In the case of Teaching professionals, women only are not the majority
in the occupations of Vocational training teachers, and other music teachers
(4 digits). However, there is a notable difference in female participation in
occupations such as professors at universities and higher education teachers
(55%) compared to preschool teachers (96%). Within this group, the latter is
the occupation with the lowest p(auto), equal to 0.17, and the remuneration
for women is equivalent to only 33% of that of professors at universities and
higher education (Table 3).
Regarding personal service workers, the occupation accounts for 9% of
employed women, where they are mainly concentrated in two occupations:
cooks (3 p.p.) and Hairdressers, beauty treatment specialists and similar (5
p.p.), with these being the two with the lowest p(auto) within the group, at 0.20
and 0.18, respectively. Conversely, within the same group, the occupation
of Direct service workers for passengers can be highlighted, as its p(auto)

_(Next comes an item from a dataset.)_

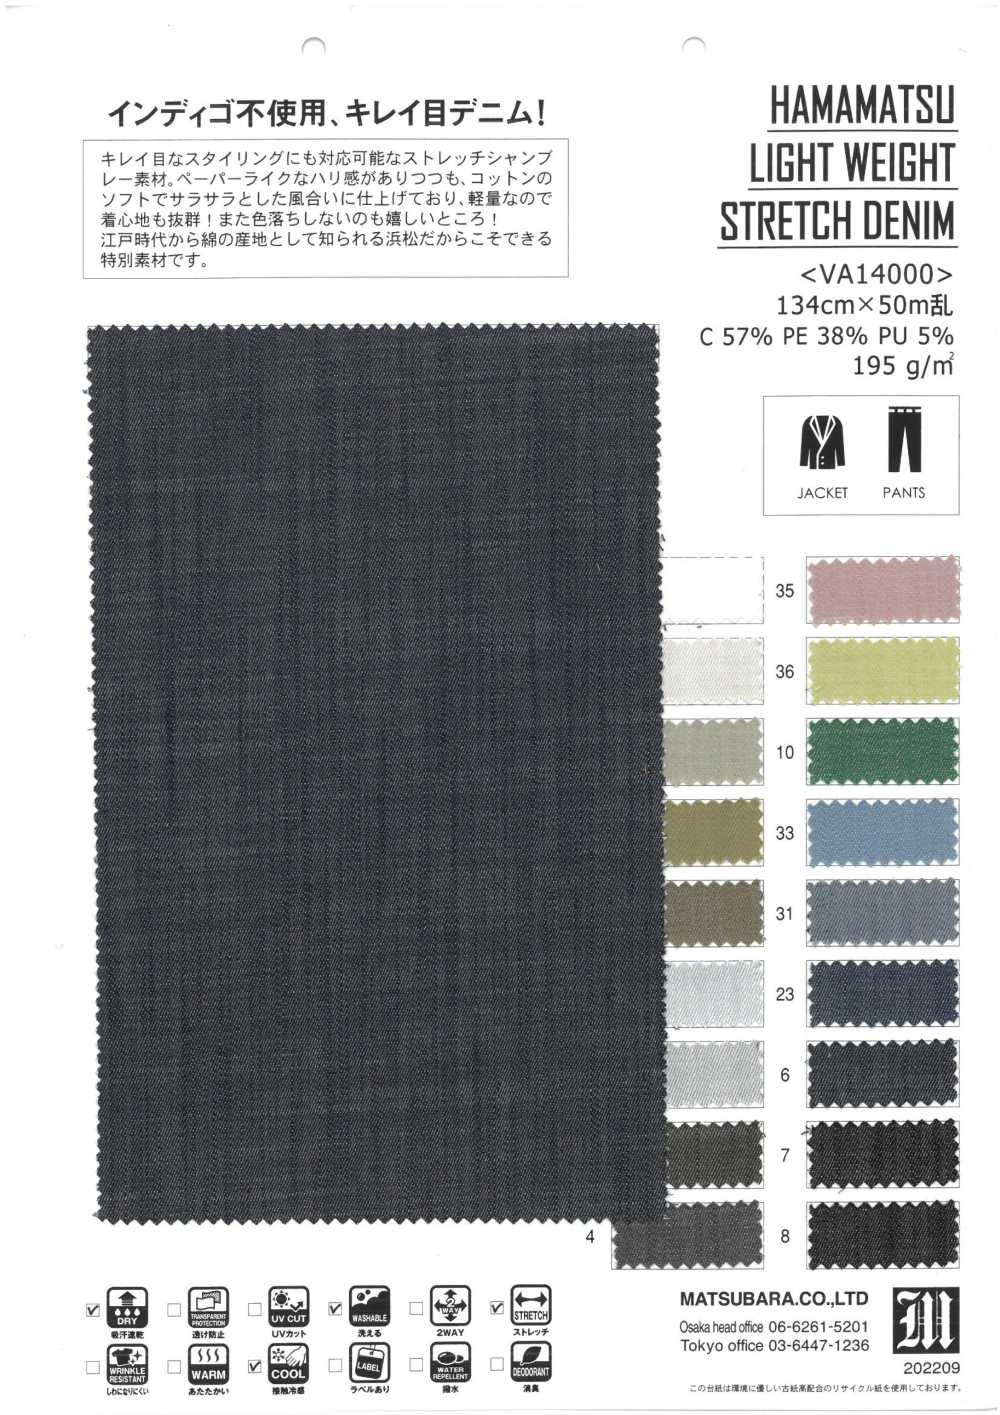 VA14000 HAMAMATSU LIGHT WEIGHT STRETCH DENIM[Textile / Fabric] Matsubara

and remuneration are considerably above average, and the composition is
predominantly male (Table 3).
Executive directors, public administration directors, and members of the
executive and legislative branches perform highly qualified activities. These
positions have the highest paying for men and the second highest for women,
with a salary gap of R$1,658 to the detriment of women. This occupation
is commonly perceived as “more masculine,” and, indeed, women make up
only 29% of employed individuals in this field. In this group, men are the
majority regardless of the level of disaggregation (Table 3). One explanation
could be the stereotypes related to leadership qualities such as assertiveness,
rationality, risk-taking, firmness, and strategic vision, which are generally
considered masculine traits.
In the group of occupations with a low-medium probability of automation,
women are the majority in one-third of the 18 occupations that make up
the group. This group is quite diverse and includes low, medium, and high
qualification activities, which correspond to 54% and 44% of employed
women and men, respectively. Among these occupations, the two with the
greatest weight in the female occupational structure are sellers; and domestic
workers and other building interior cleaning workers (Table 3).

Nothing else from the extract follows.